In this portfolio, you’ll find my processes for solving problems and a collection of projects that showcase how I transform complex challenges into functional solutions. Whether it’s developing responsive AI, optimizing complex systems, or engineering intuitive player controls, my focus is on creating code that not only functions perfectly but also enhances the overall gaming experience.

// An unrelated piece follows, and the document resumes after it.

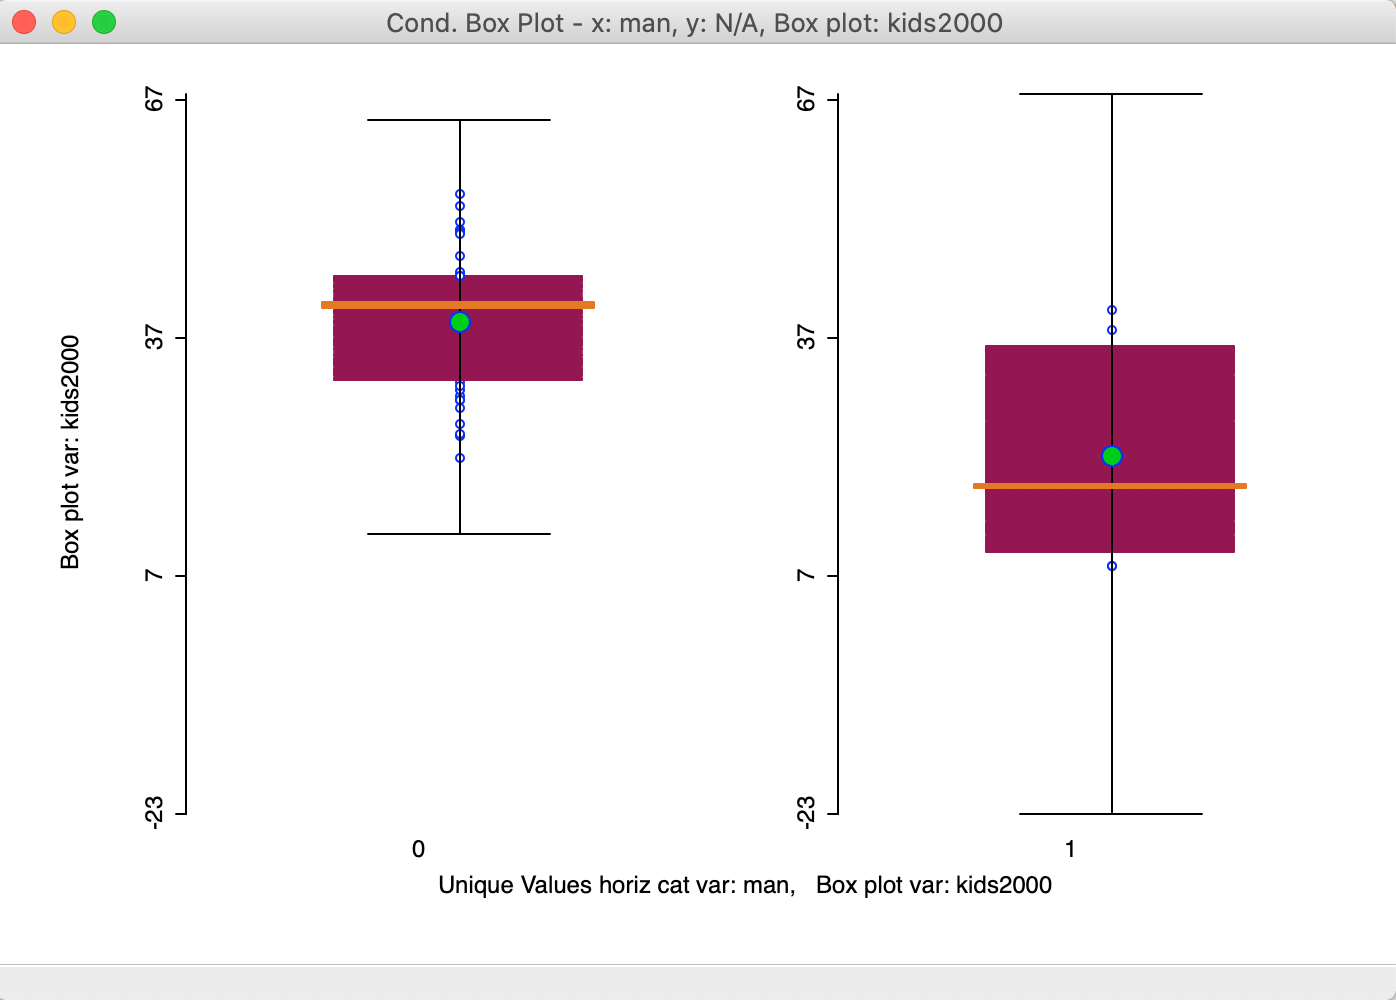 Conditional box plot for Manhattan and rest
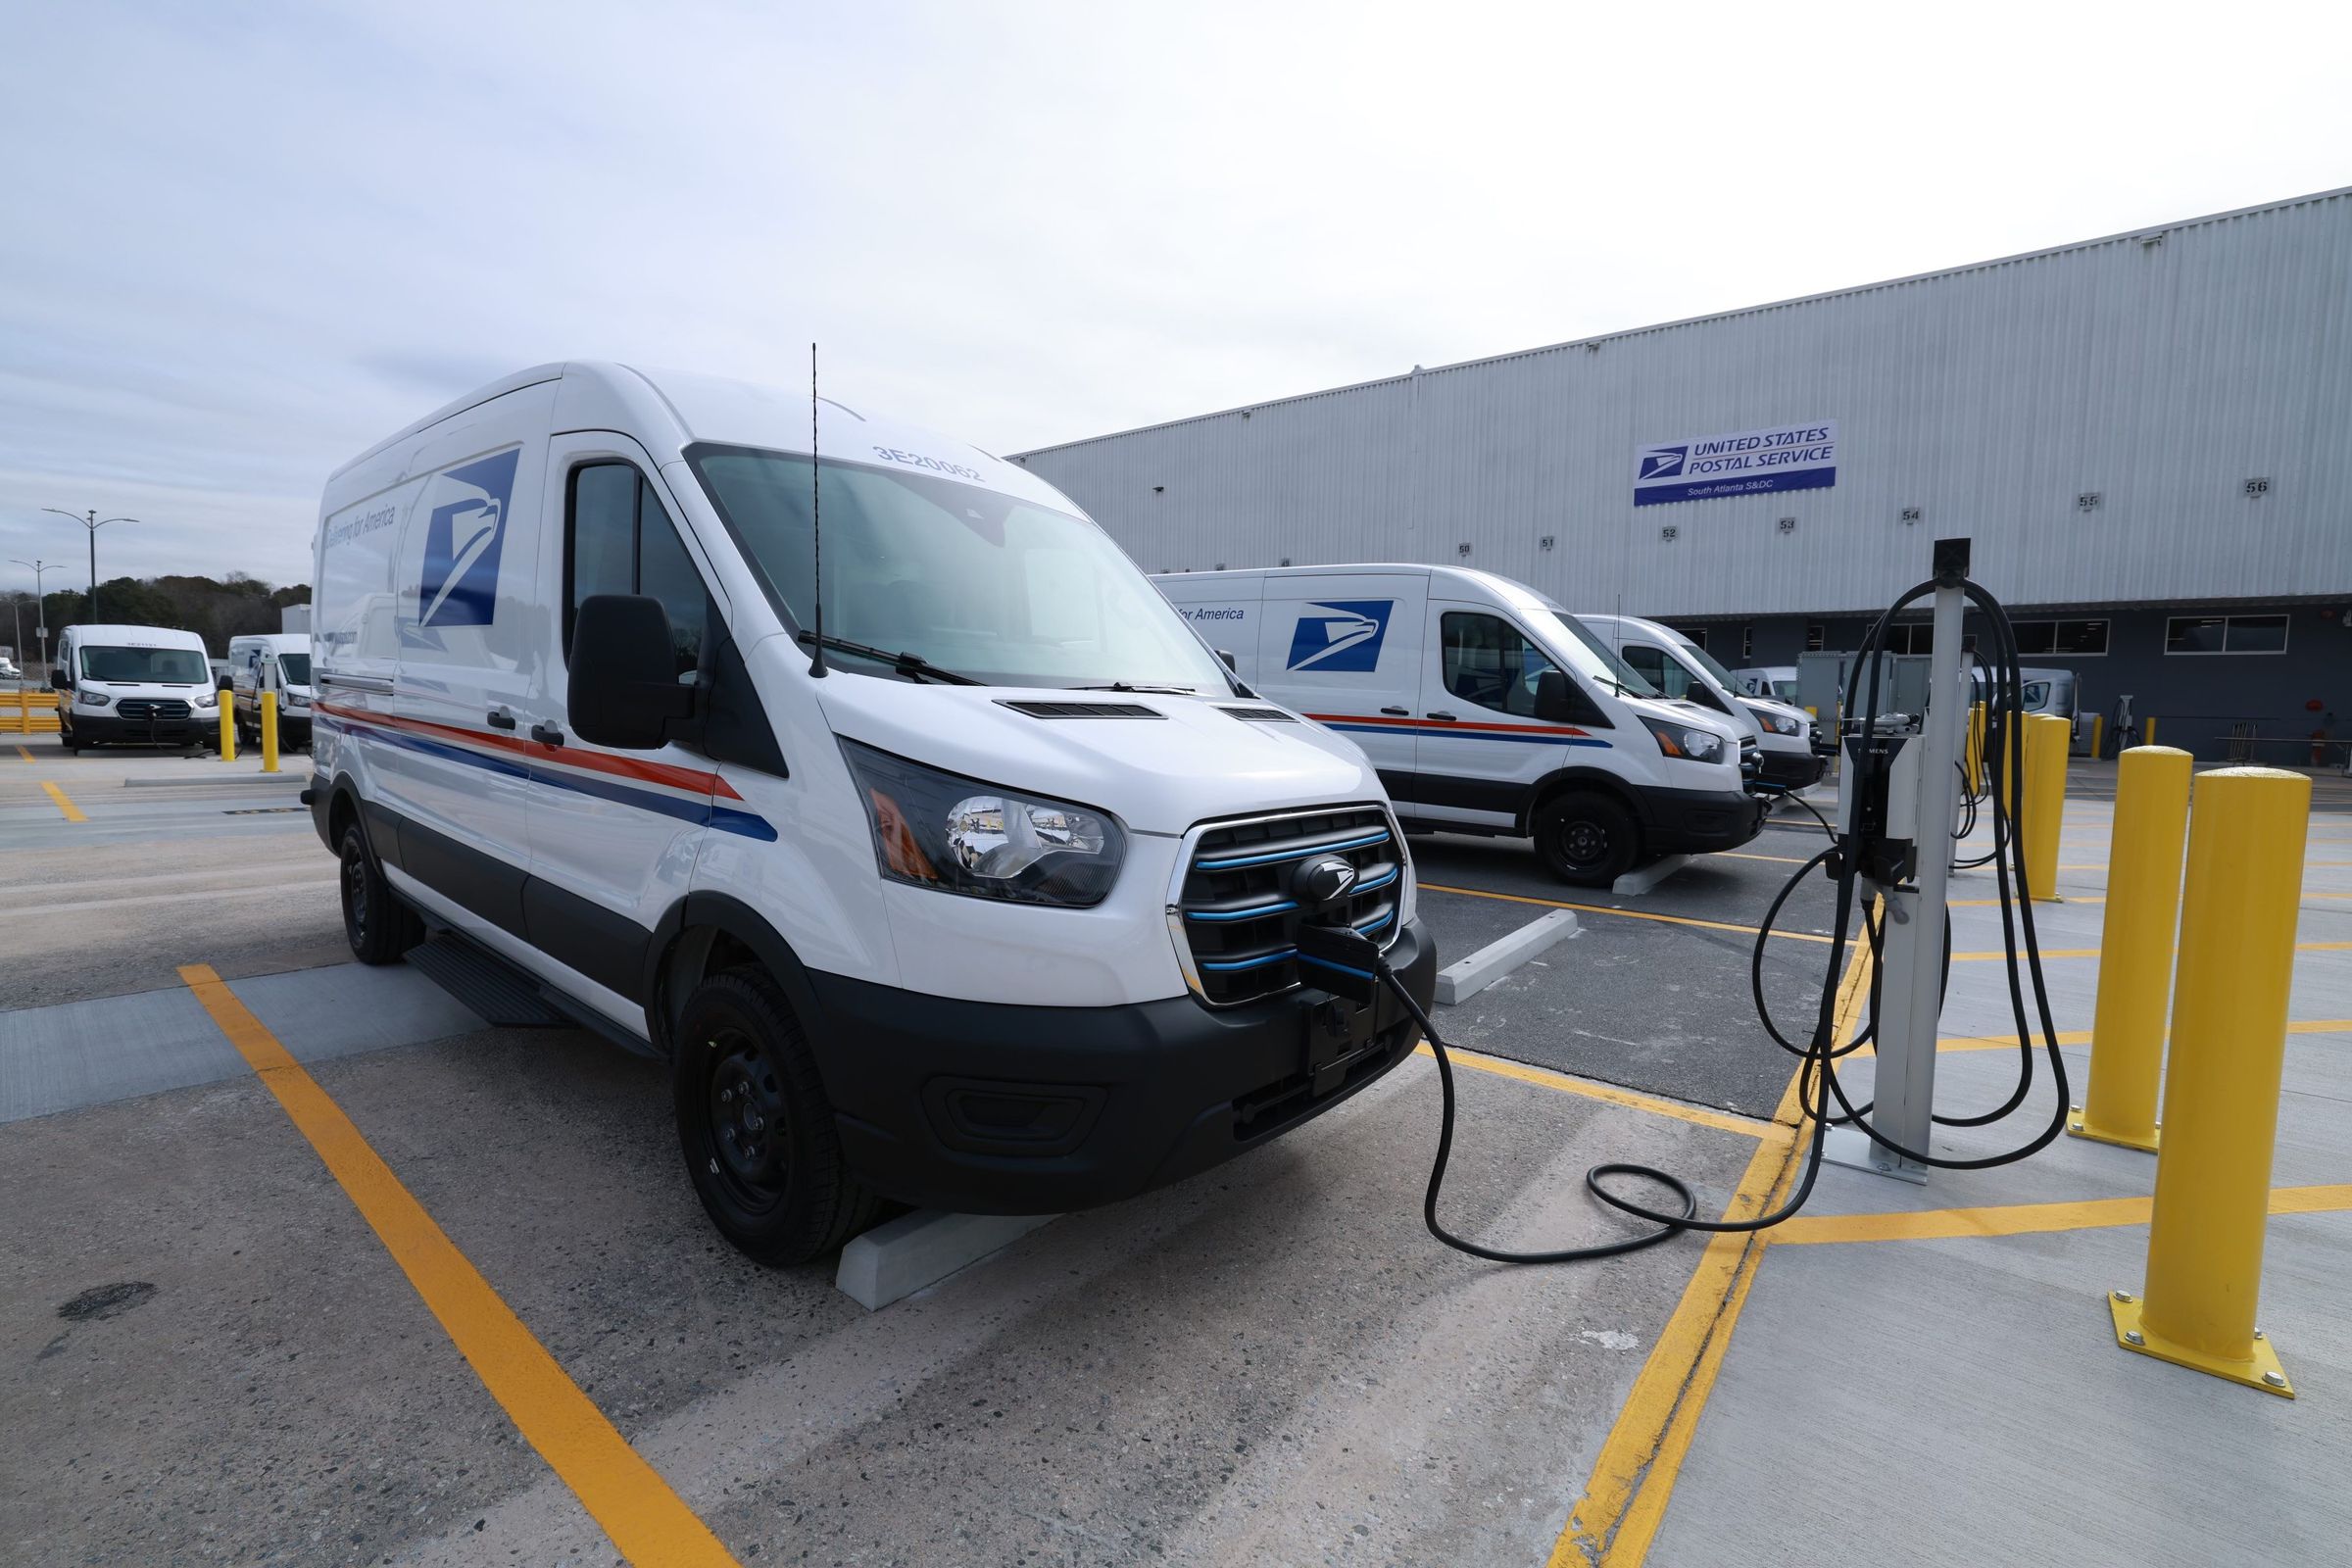 An electric delivery truck is plugged into a charging station in a parking lot.

The processes and projects here reflect a deep commitment to both the art and science of game development. I aim to write code that not only solves problems but also pushes boundaries, delivering gameplay that’s smooth, engaging, and memorable. Dive into my work below to see how I bring ideas to life with thoughtful programming and a dedication to achieving the highest standards.
Planning
Gathering Requirements
The foundation of any successful project lies in thoroughly understanding its objectives and constraints. During the gathering requirements phase, I focus on identifying the key goals, functionality, and user experience expectations for the project. This involves collaborating closely with designers, artists and team members to ensure that every detail is captured, from high-level features to specific technical needs. By asking the right questions and diving deep into the project’s vision, I aim to create a clear roadmap that guides development, anticipates challenges, and sets the stage for delivering a product that meets or exceeds expectations.
Setting Goals
Establishing clear, actionable goals is crucial for guiding a project from concept to completion. In the goal-setting phase, I collaborate with stakeholders to define specific, measurable, achievable, relevant, and time-bound (SMART) objectives that align with the project’s vision. These goals provide a focused direction, help prioritize tasks, and ensure that all team members are aligned with the project’s overall aims. By breaking down larger goals into manageable milestones and defining success criteria, I ensure that progress can be tracked effectively and that the project remains on course to deliver outstanding results.
Design
Design process
The design process is where creativity and technical expertise converge to shape the project’s vision into a tangible product. My approach initial to design involves a series of iterative steps:
- Conceptualization and sketching out initial ideas.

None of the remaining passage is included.